(WHAT TO WORK ON) Send back the data below exactly. Drop every picture.

(INFORMATION PROVIDED)
....

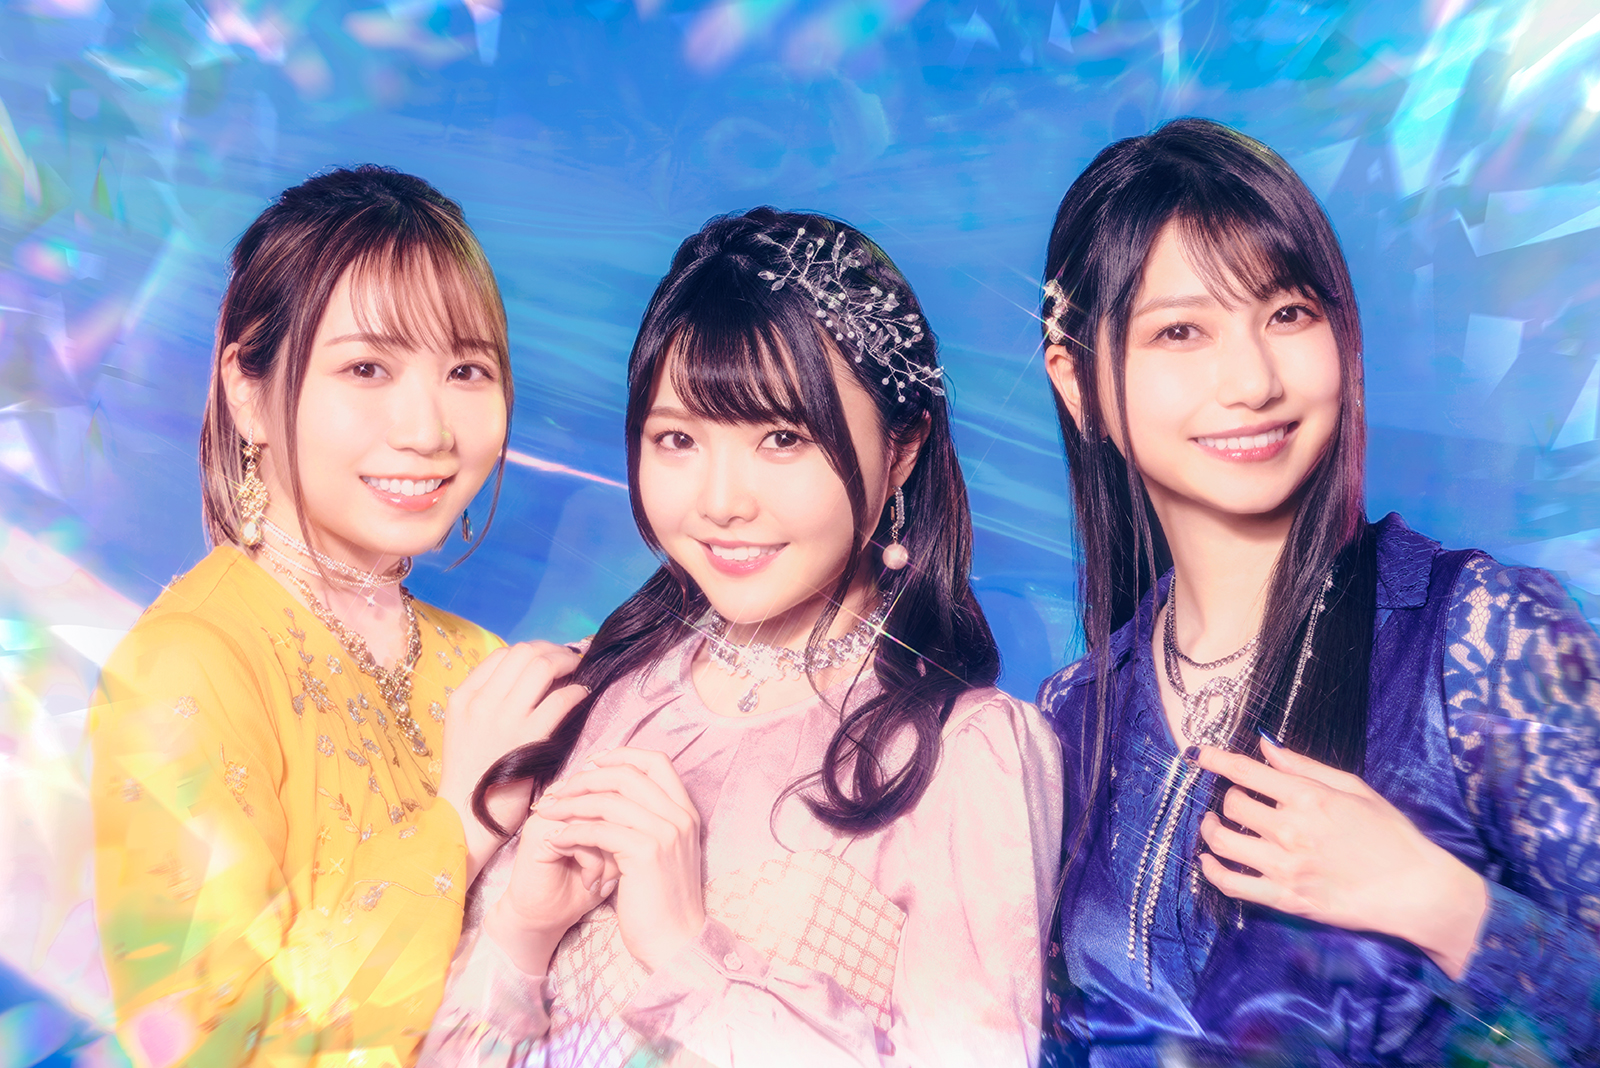 TrySail、全国ツアー追加公演のタイトル＆ロゴ決定！LAWSON presents TrySail Live Tour 2023 Special Edition “SuperBlooooom”は9月30日（土）・10月1日（日）開催 - 画像一覧（2/2）
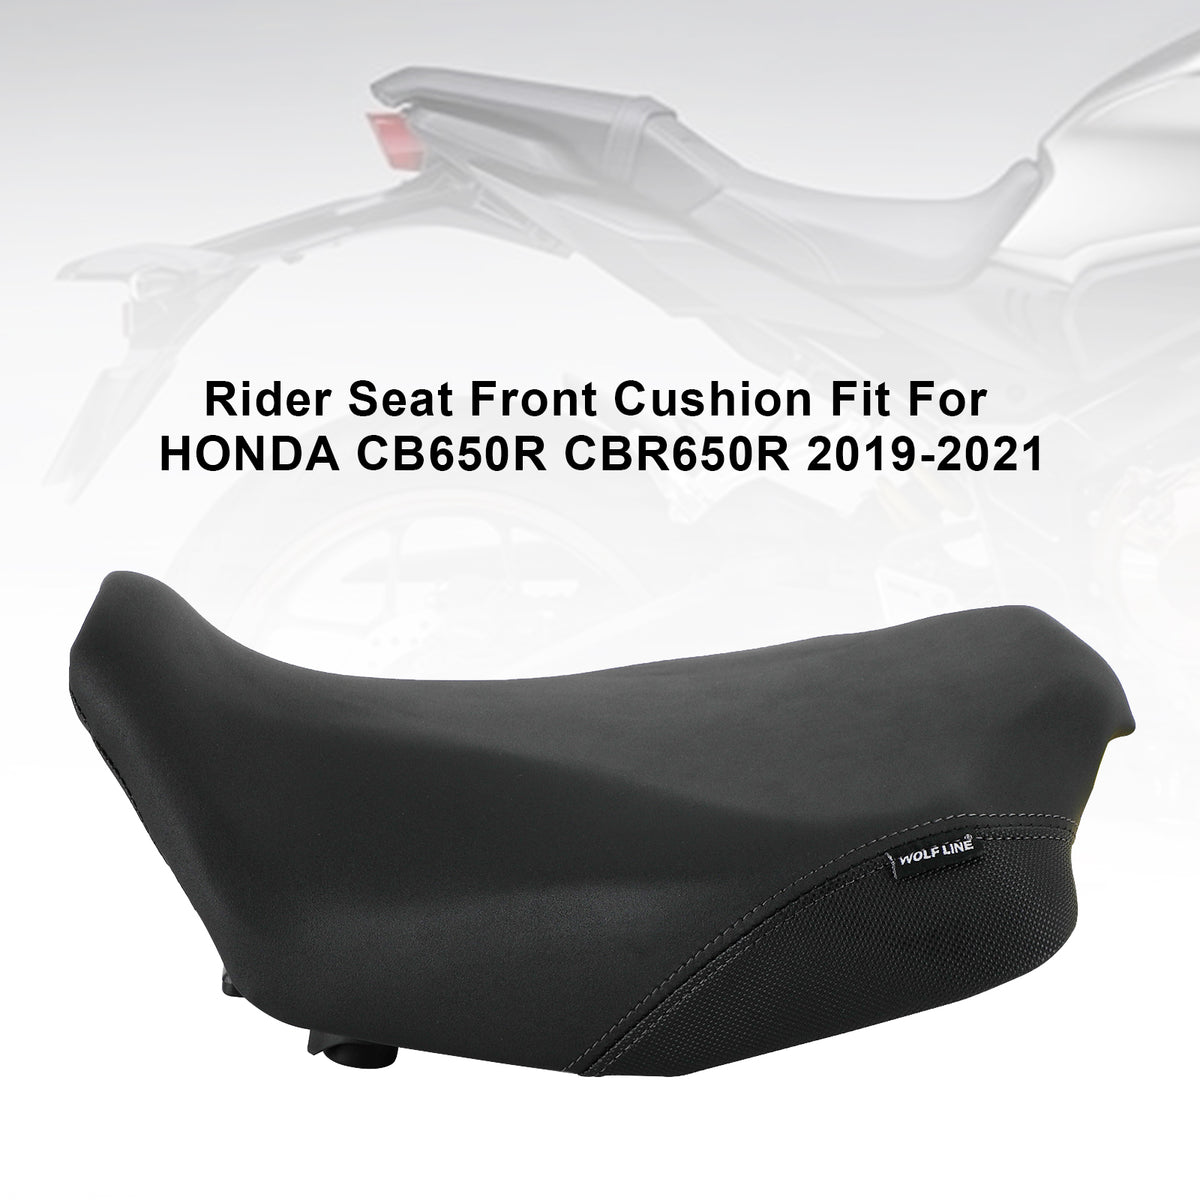 Complete Cushion Rider Passenger Seat Fits For HONDA CB CBR 650R 19-21 Red Generic
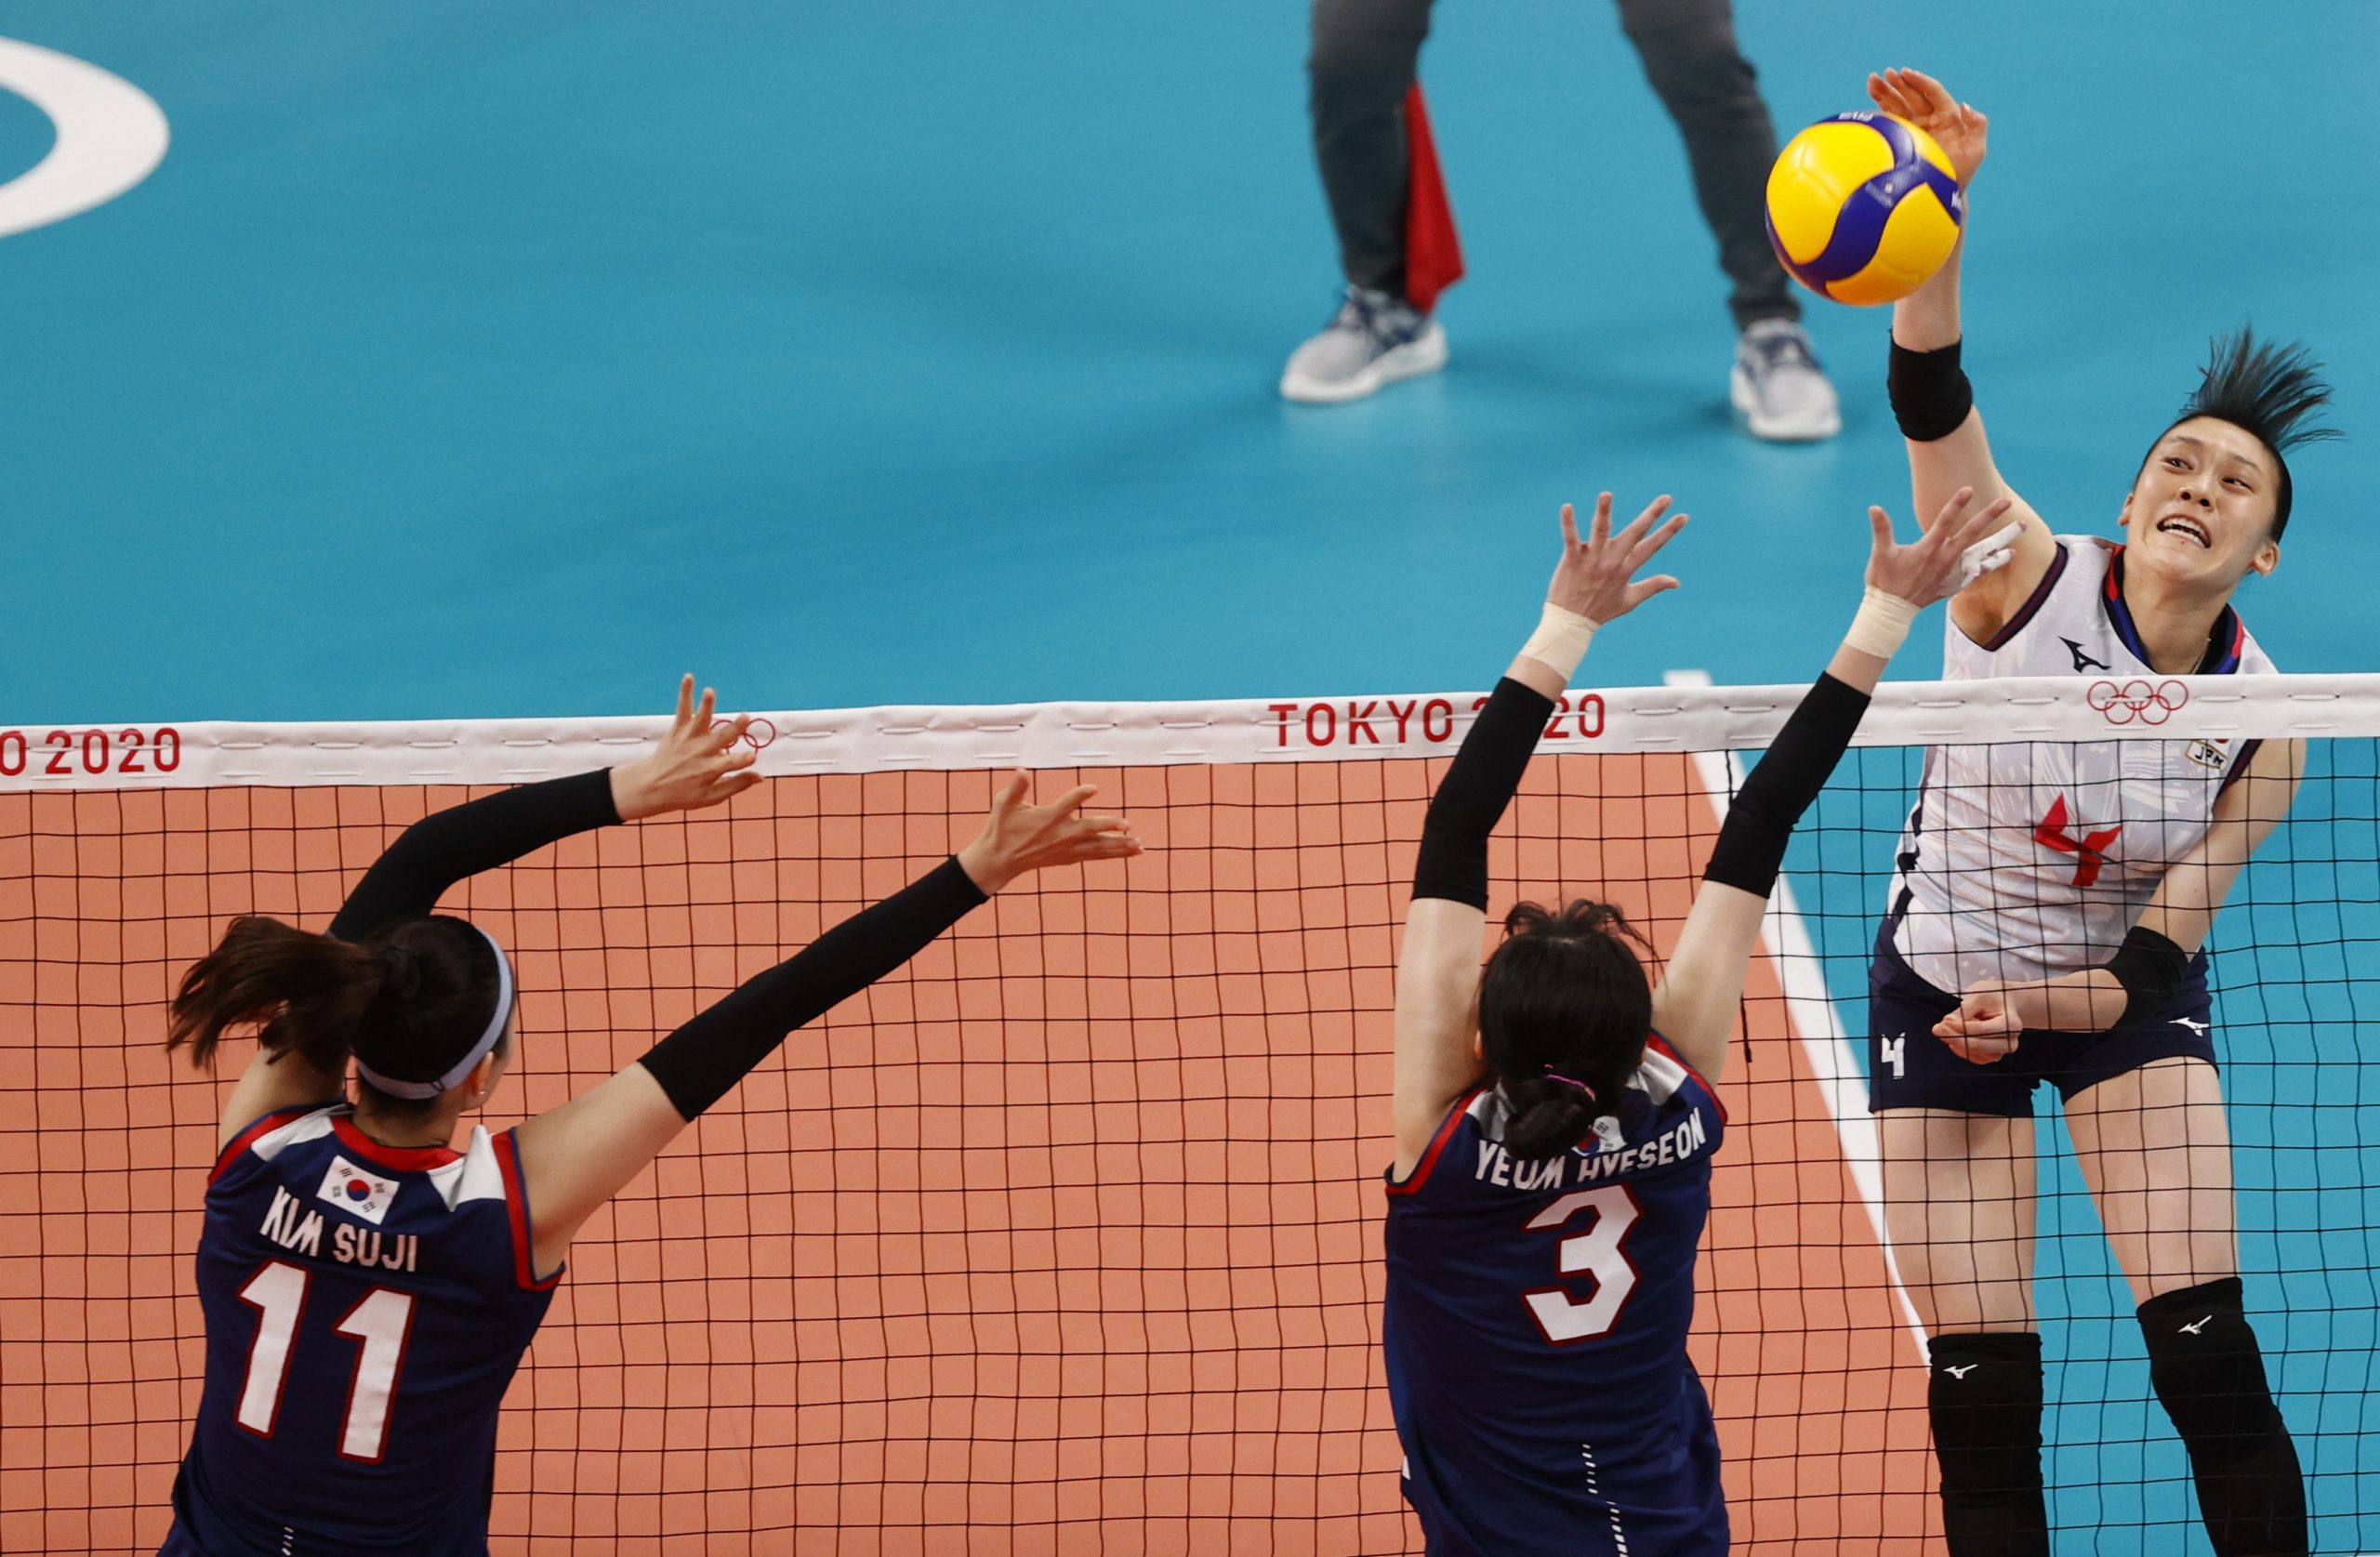 pianist Denken Wauw VOLLEYBALL | Japanese Women's Team Loses to South Korea in a Five-Set Match  | JAPAN Forward
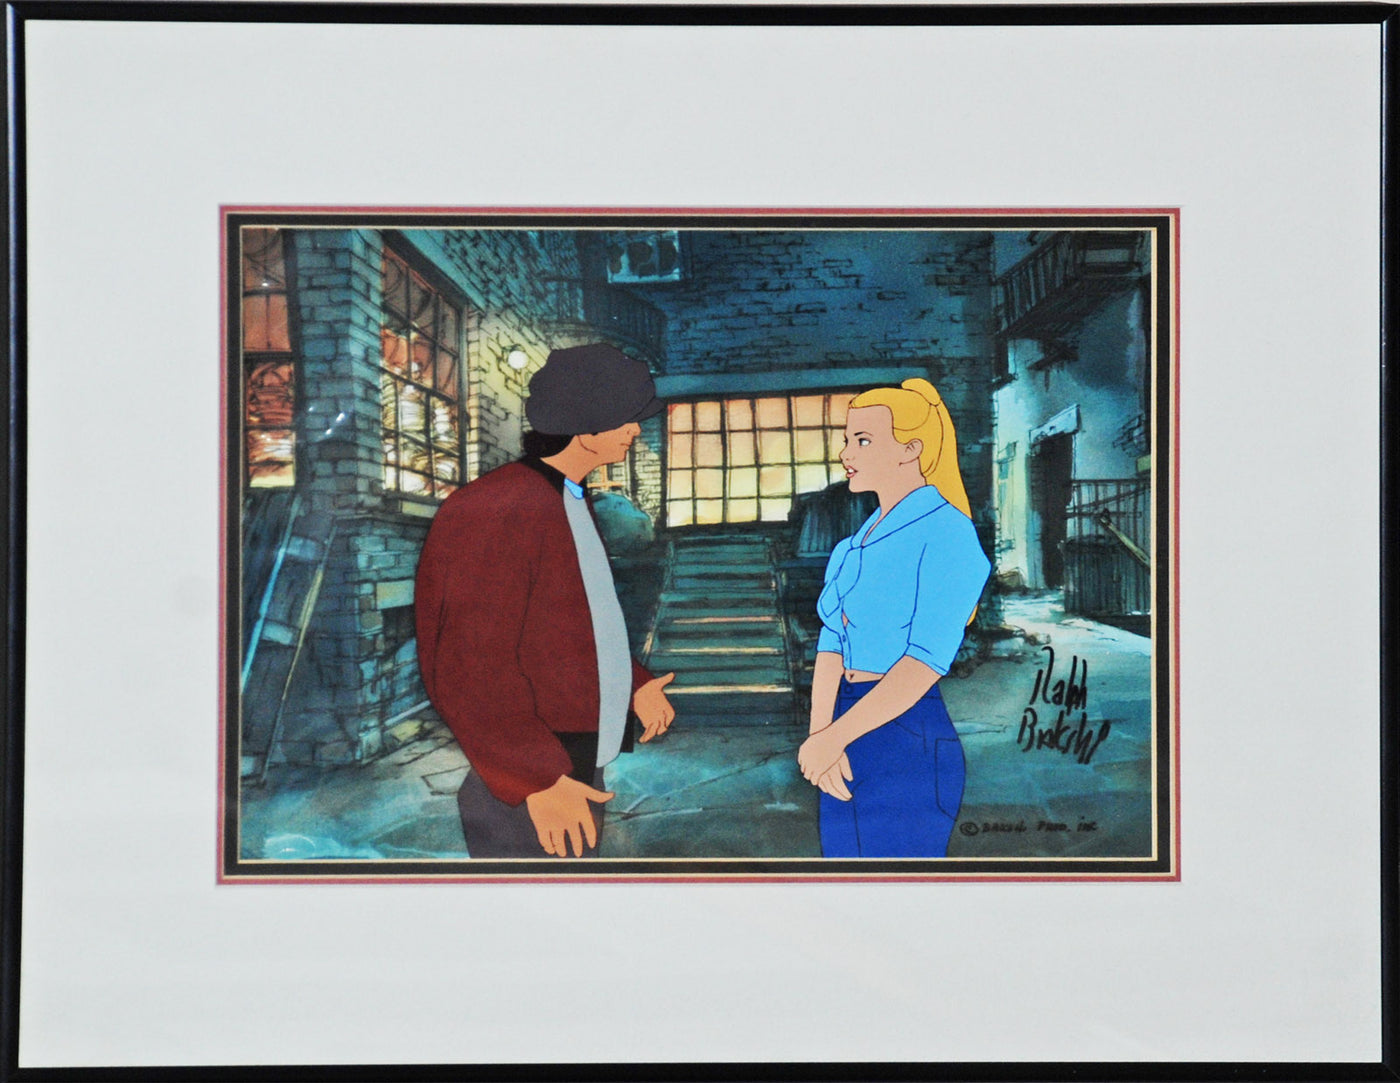 Original Production Cel from American Pop signed by Ralph Bakshi

....

(ANSWER BOX)
 TrySail、全国ツアー追加公演のタイトル＆ロゴ決定！LAWSON presents TrySail Live Tour 2023 Special Edition “SuperBlooooom”は9月30日（土）・10月1日（日）開催 - 画像一覧（2/2）
 Complete Cushion Rider Passenger Seat Fits For HONDA CB CBR 650R 19-21 Red Generic
 pianist Denken Wauw VOLLEYBALL | Japanese Women's Team Loses to South Korea in a Five-Set Match  | JAPAN Forward
 Original Production Cel from American Pop signed by Ralph Bakshi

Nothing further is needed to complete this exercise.